A lot of people ask me where I get my inspiration and enthusiasm for recycling. Recycling and reusing is something my family did, and still does. I was taught by my parents early on to compost food scraps and reuse glass jars as juice glasses. My parents recycled and reused so much that we didn't even subscribe to curbside garbage pick-up. About once a month my dad would load my brother, myself and about 1 bag of trash and drive a few miles to the local dump to pay $1 to dispose of the bag. This was before paper recycling was offered in my hometown of Mason, Michigan and my parents would burn our paper waste in our wood burning stove as kindling to get the fire going. It wasn't until childhood friends would start come over and want to throw stuff in the garbage that I realized this wasn't the norm - food scraps and plastic baggies didn't go in the trash, the food scraps went to the compost pile and plastic baggies got rinsed out.

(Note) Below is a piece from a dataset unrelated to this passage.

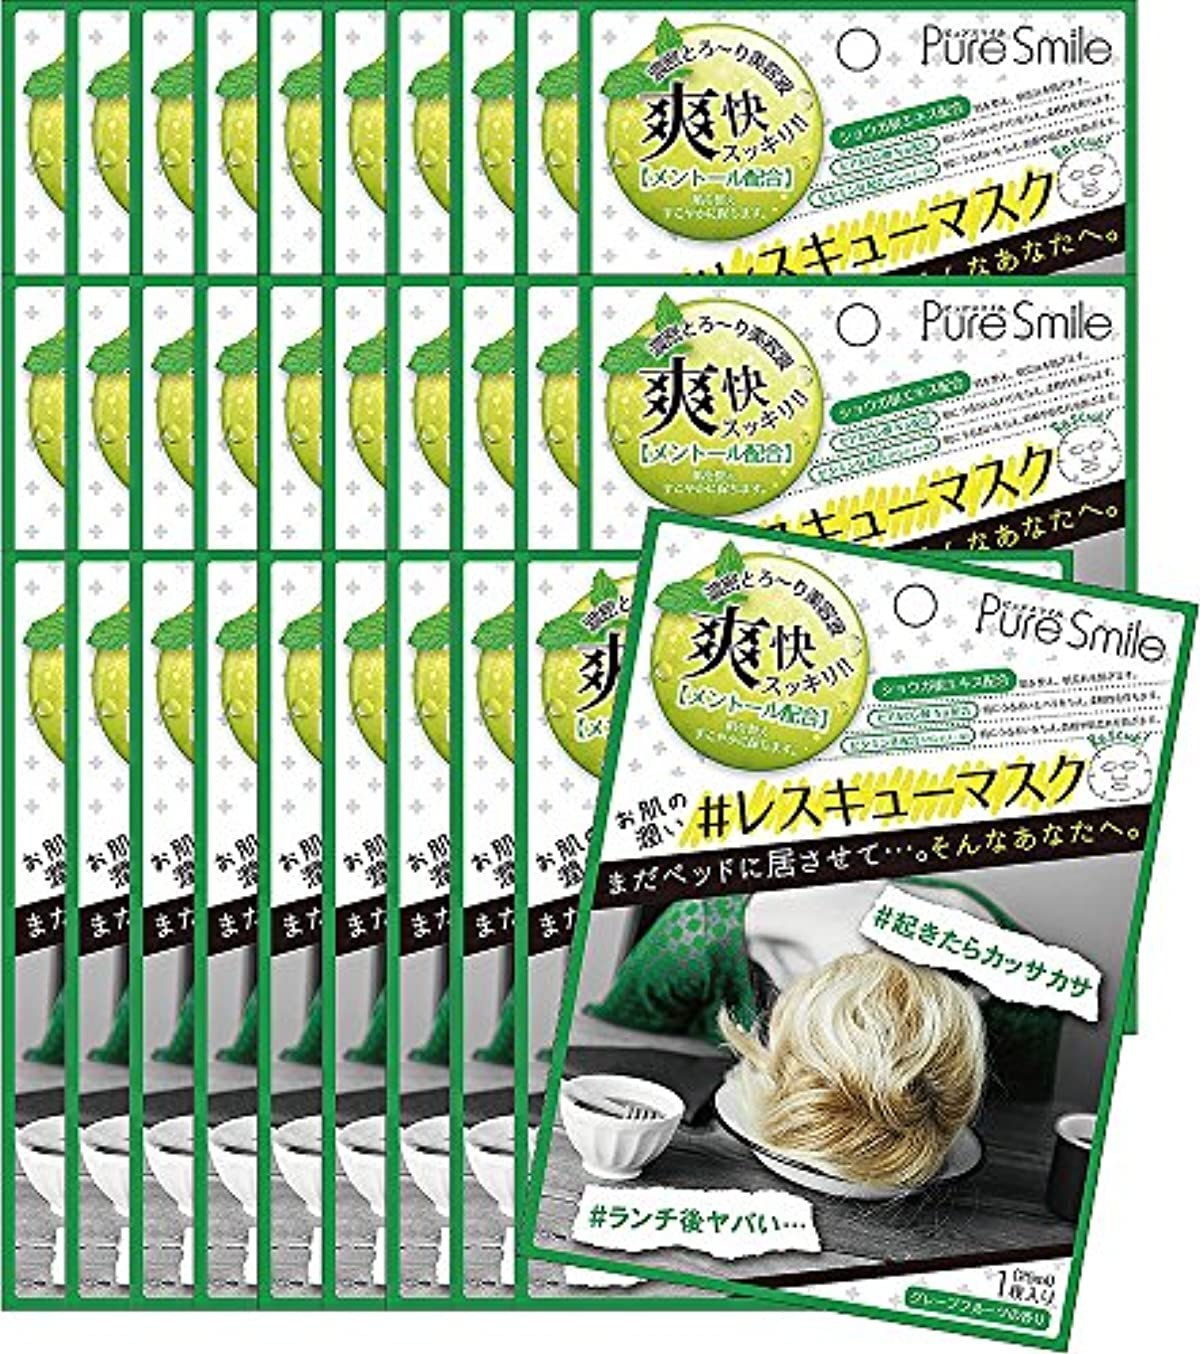 ホテル純粋な透けるピュアスマイル 『レスキューマスク』【寝不足/ショウガでレスキュー(グレープフルーツの香り)メントール配合】30枚セット
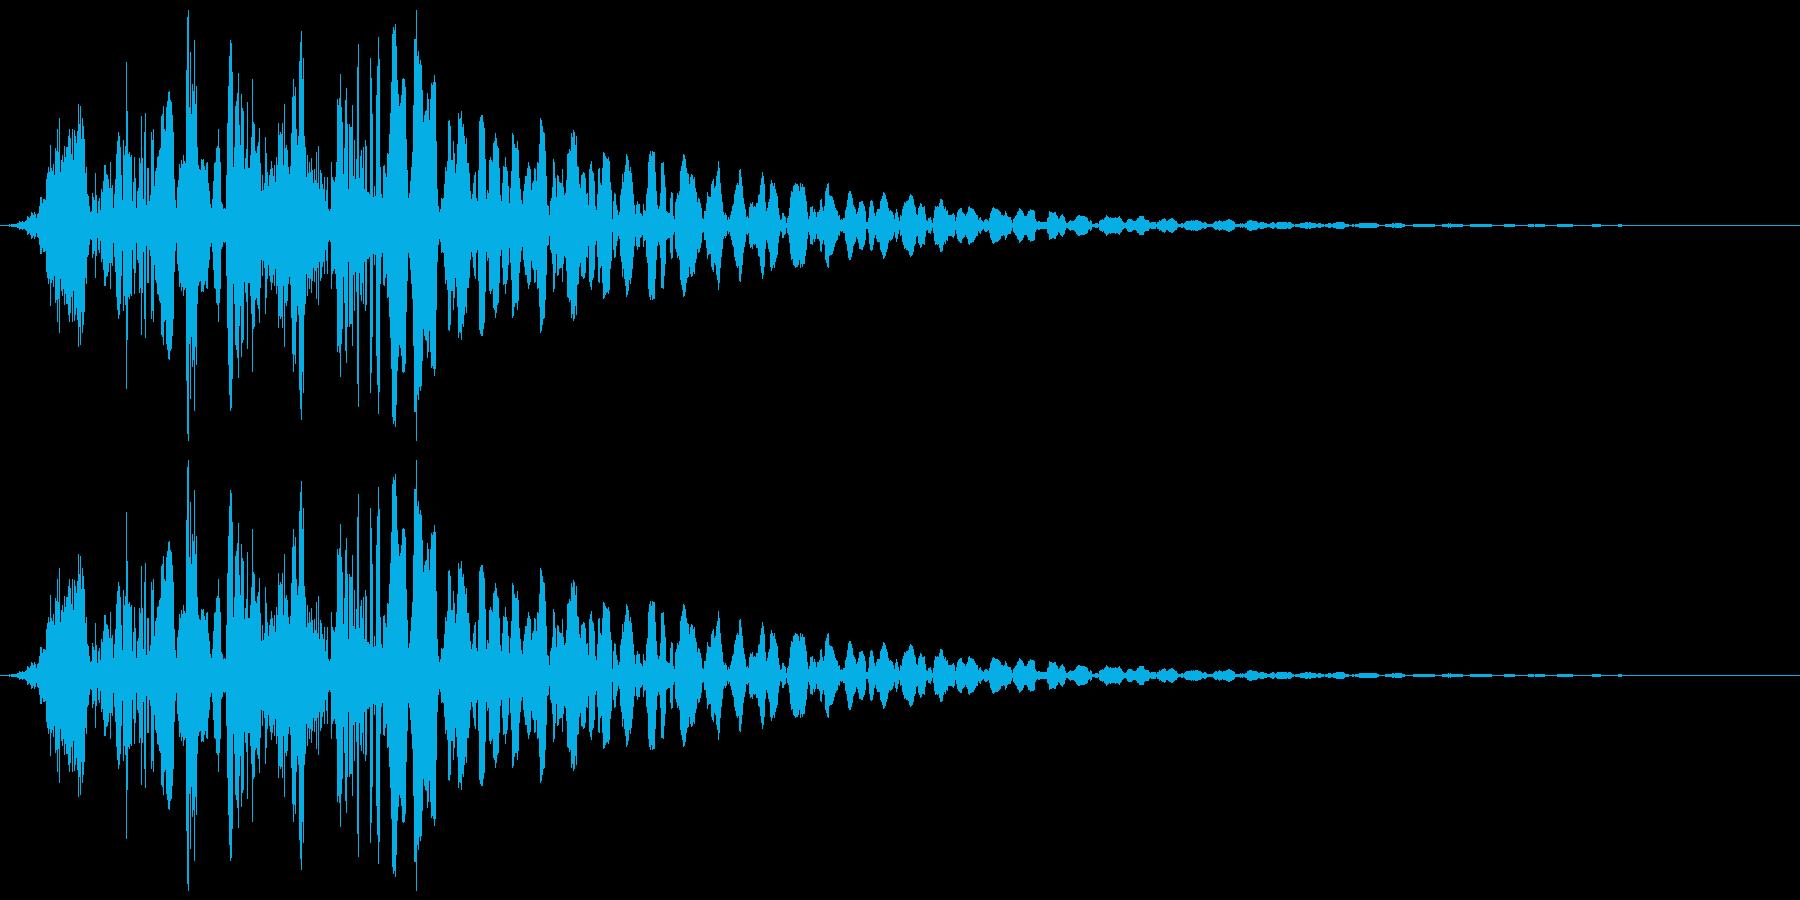 ゲームに使えそうな射出音の再生済みの波形

I realize I'm starting to paint a picture of myself as a hippie, but that's not the case. I still had the modern conveniences of a typical American life - I watched way too much TV, ate piles of potato chips, and went shoe shopping for sneakers when my old ones got holes. It was simply the way my family handled our garbage that gave me the recycling background that has lead me to start this company called RePlayGround.

As a kid I was also heavily involved in 4-H where I learned skills like sewing, basketweaving, and painting. Then, as an adult, I moved to the exciting city of New York and started furnishing my apartment with cast-offs I found on the streets. The sidewalks were a treasure trove of recycled materials! This lead me back to art school at Pratt where I wanted to refine my design skills of turning trash into treasure for the masses. Here I worked on my thesis, called Trash Nouveau, where I further explored this idea and I've been a Design Junkie ever since.

Over the holidays I visited my family back in Michigan and we had a good old time. My dad still heats part of the house with a wood-burning stove and we still compost. Sitting around the dinner table the first night, my brother mentioned that my mom had recently made a 7 year-old blackberry pie. I thought he was joking until my mother started defending herself. Apparently my parents did their once-a-decade freezer clean-out where they came across 7 year-old blackberries. My mother, never wanting to throw anything away, decided to make them into a pie. My brother said the pie was ok, but with a slight freezer burn aftertaste. My mom said it wasn't so and was determined to have me decide for myself. She still had several more containers of 7 year-old blackberries so she made a pie for Christmas Eve dinner. The pie had become a big joke among my family so there was a lot of anticipation for our final dessert. Now I'm not saying that keeping berries around for 7 years is a great idea, but the pie was actually pretty good and way tastier than the preservative filled kind found at the local grocery store. Well, that grocery store pie probably has a 7-year shelf life anyway.